🤖 AI Summary
This study addresses the challenge of efficiently and reliably deploying AI service chains in multi-domain edge intelligent clouds, where heterogeneous environments, resource constraints, and partial observability of system states hinder performance. To tackle this problem, the authors formulate it as a partially observable stochastic game and propose a graph-temporal dual network (GTDN)-based multi-agent collaborative optimization method. This approach uniquely integrates network topology and temporal dependencies among services into a unified model, enabling joint optimization of cost, latency, and availability.
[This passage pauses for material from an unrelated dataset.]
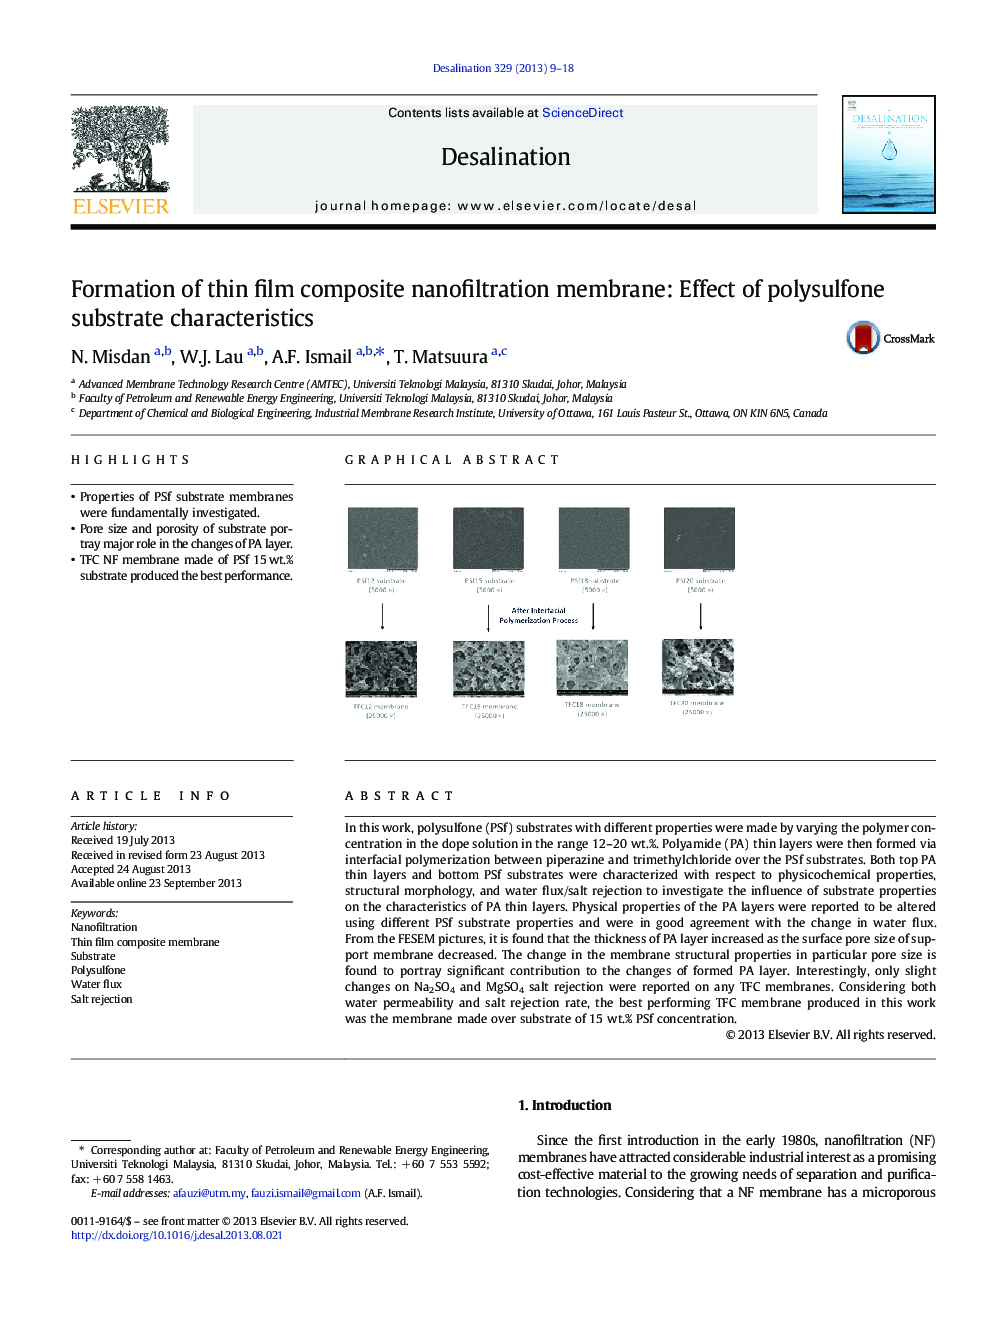 Formation of thin film composite nanofiltration membrane: Effect of polysulfone substrate characteristics

Experimental results demonstrate that the proposed method significantly outperforms existing baselines across diverse network topologies and edge node scales, achieving substantial improvements in overall performance.
📝 Abstract
In a multi-domain edge intelligence cloud (MDEIC) managed by multiple network operators, AI services are delivered by chains of virtual network functions (VNFs) executed in sequence, called AI service chains (AISCs). Therefore, achieving an efficient and economical AISC provisioning approach is essential. However, the interaction between the environmental characteristics (heterogeneity, resource constraints and limited information visibility) of MDEIC and the time-dependence of AISCs, introduces various challenges to AISC provisioning in MDEIC. In this paper, we first formulate the AISC provisioning problem as a partially observable stochastic game (POSG). Then, we propose a graph-and-time-based multi-agent AISC provisioning (GT-MAAISCP) approach to achieve the collaborative optimization of AISC provisioning cost, delay and availability. Specifically, each agent uses the graph-time dueling network (GTDN) architecture to extract network topology information and temporal relationships. Finally, the experimental results demonstrate that the proposed approach outperforms benchmark approaches in MDEIC and also illustrate its performance under varying network topologies and different numbers of local EICs (LEICs).